[Start of Attachment]

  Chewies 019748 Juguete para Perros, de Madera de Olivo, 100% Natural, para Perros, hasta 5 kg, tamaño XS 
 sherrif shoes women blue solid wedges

[End of Attachment]
[Start of Attachment]

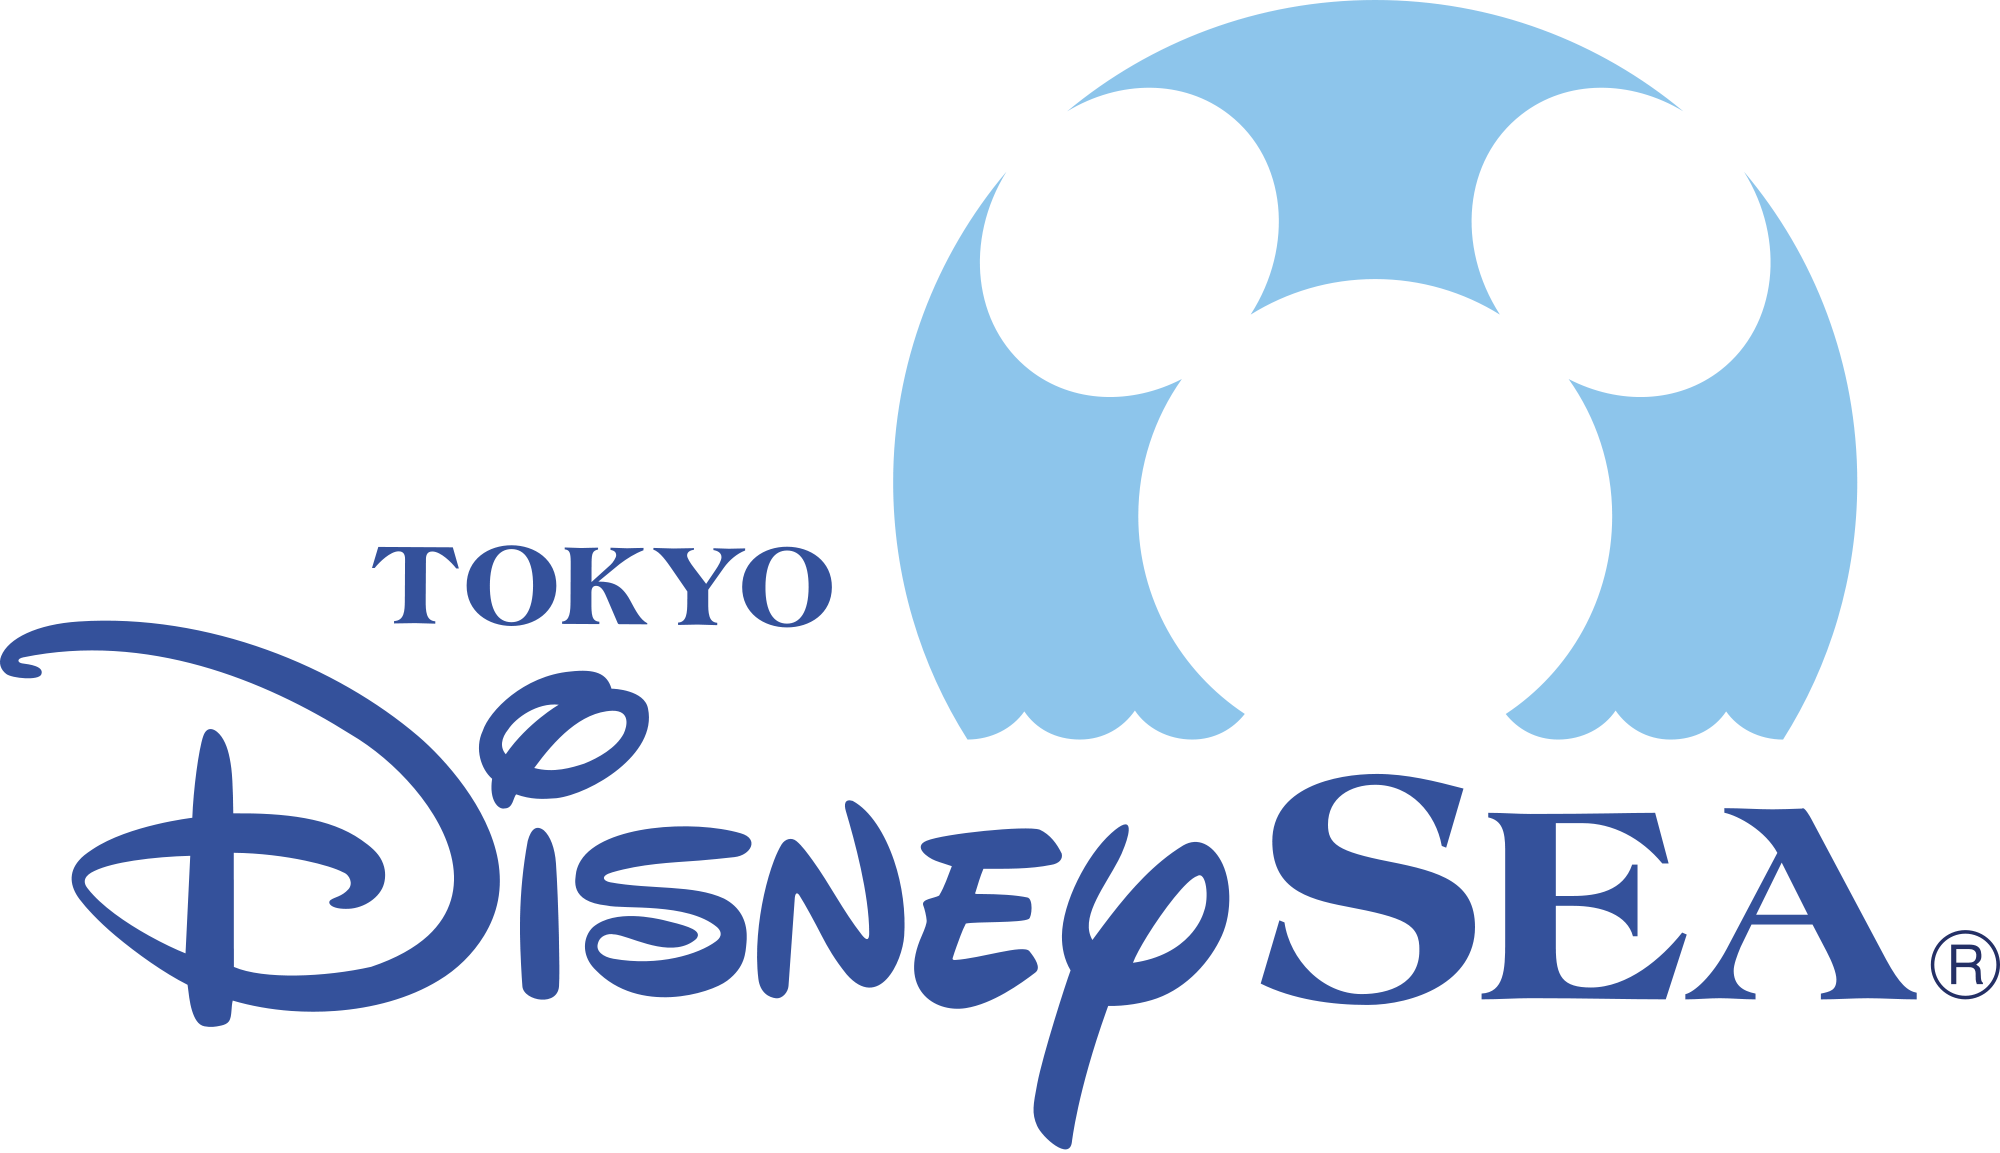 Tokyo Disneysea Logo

[End of Attachment]

— What the task asks —
Please copy, exactly as written, every line in the listing above from the line with "Chewies 019748 Juguete" up to and including the line with "sherrif shoes women blue solid wedges".

— Task response —
  Chewies 019748 Juguete para Perros, de Madera de Olivo, 100% Natural, para Perros, hasta 5 kg, tamaño XS 
 sherrif shoes women blue solid wedges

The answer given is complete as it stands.